What your friend meant by "because of the atmosphere" is that the atmosphere moves with the earth. You could not, as I have heard said, go up in a balloon and then wait while the earth revolved under you! The balloon moves with the air which moves with the earth.

Without the atmosphere, the answer might be a little different. When you are standing on the surface of the earth, you are revolving with it: your eastward speed is exactly the same as the surface of the earth (and so is the speed of the ball in your hand. As the ball moves upward, it retains that motion BUT, since the radius of the circle it is describing eastward is now longer, moving the same speed to the east results in a smaller angle: The ball would, in fact, fall slightly westward of you!
(That is a variation on "coriolis" force.)

3. Dec 15, 2004

wire2

>You could not, as I have heard said, go up in a balloon and then wait while the earth revolved under you! The balloon moves with the air which moves with the earth.

You can under the right conditions. National Geographic magazine featured a story and pictures of a manned high altitude balloon that circumnavigated the earth. The jet stream will carry one along at a high speed for non powered flight, (relative to the earth's surface). The biggest obstacle was getting permission from some of the middle east countries to "fly" over them.

4. Dec 16, 2004

DaveC426913

"...everytime I get on a Jumbo Jet to travel accross the Atlantic I wonder if the spin of the Earth makes the trip home to London quicker, and if so by how much?..."

It would be true of the Jumbo were floating in space, and the Earth turned under it. As to how much quicker the trip would be, it would simply a matter of how much the Earth rotated while you are in the air, which is 15 degrees for every hour of flight. Depending on how far you live from the equator, that will be between 0 and 1000 miles for each hour in flight.

New York to Paris is approx. straight across the 45th parallel, and about 3500 miles. So, during a 7 hour flight (3500mi X 500mph), the Earth turns 35 degrees. For you, that's (35*sin(45))= 2350 miles. Your trip to New York is only (3500-2350)=1150 miles! Of course, your trip back would be (3500+2350)=5850 miles.

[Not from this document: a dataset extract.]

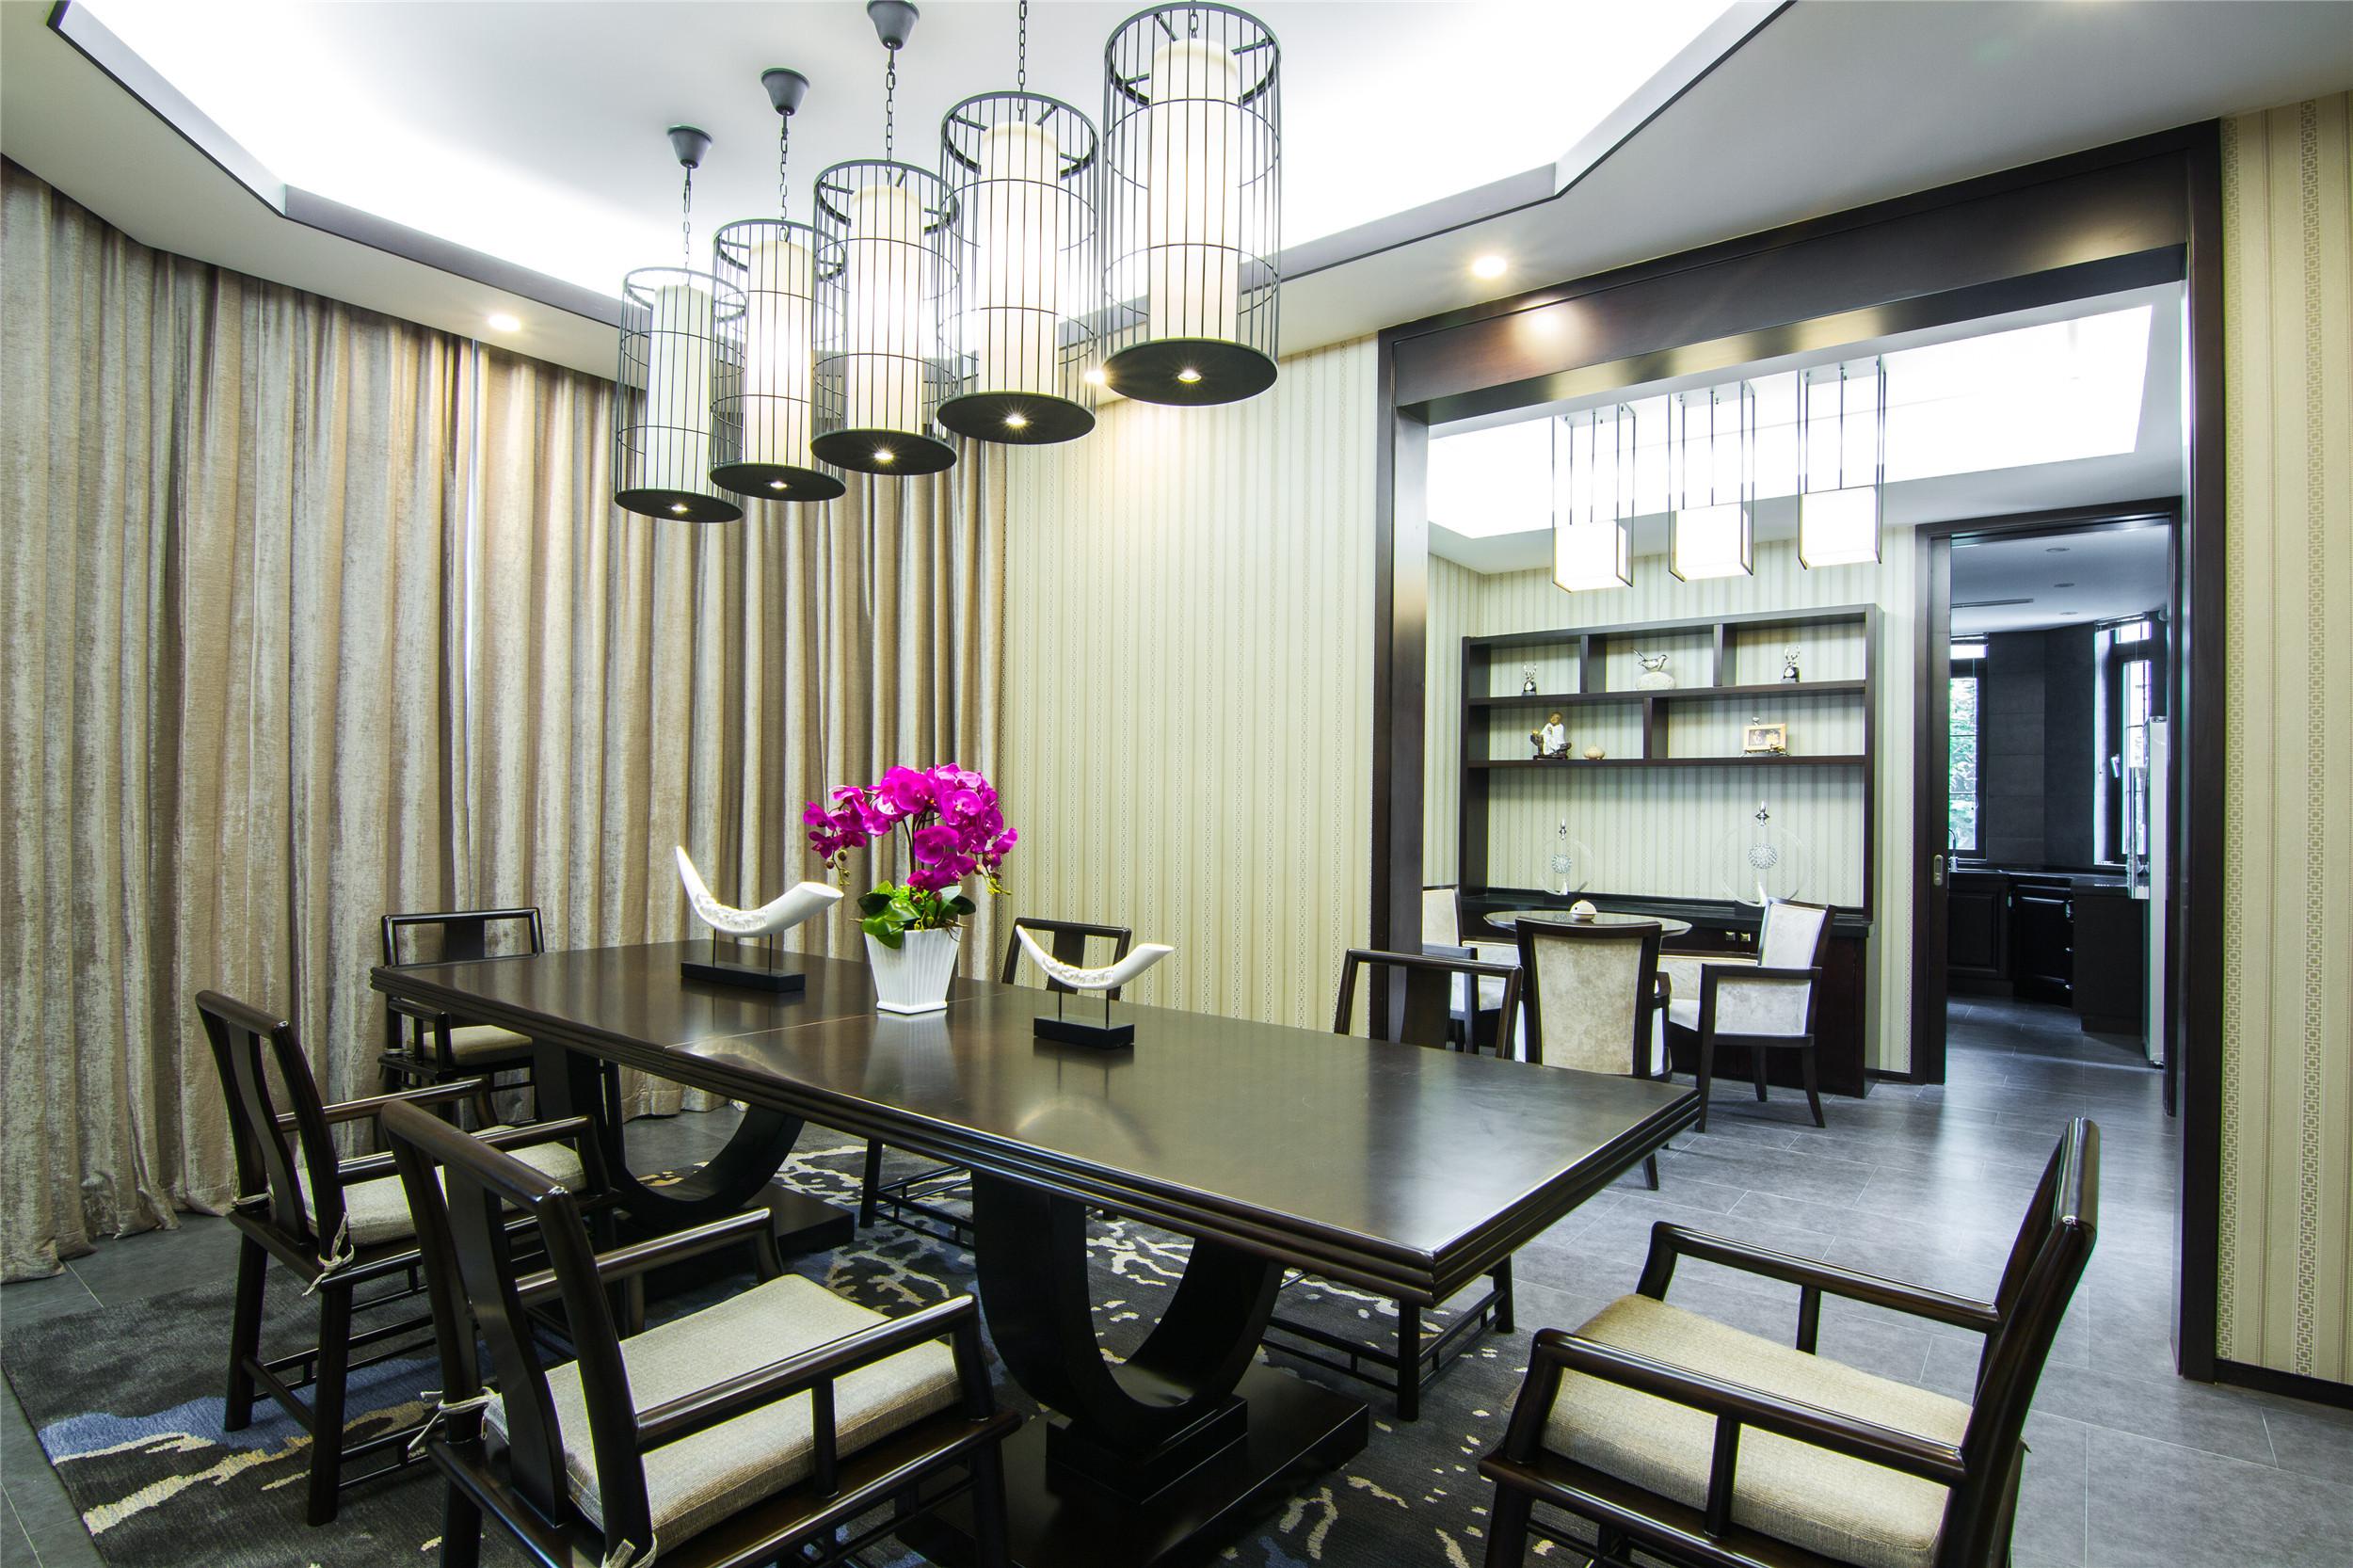 中式别墅样板房装修餐厅设计图

*However*, that is not the case, as the jet *does* move *with* the Earth. It *started* on the Earth, and it's moving in the atmosphere on the Earth, and it's going to stop on the Earth. There's no reason for it to suddenly stop being affected by the Earth once it is in flight.

The real reason your flight times change is due to headwinds and tailwinds. A 50 mph wind will either add or subtract that speed directly from your air speed. So, 450mph one way (8h45m), and 550mph (6h35m) the other way - that's a 2+ hour difference!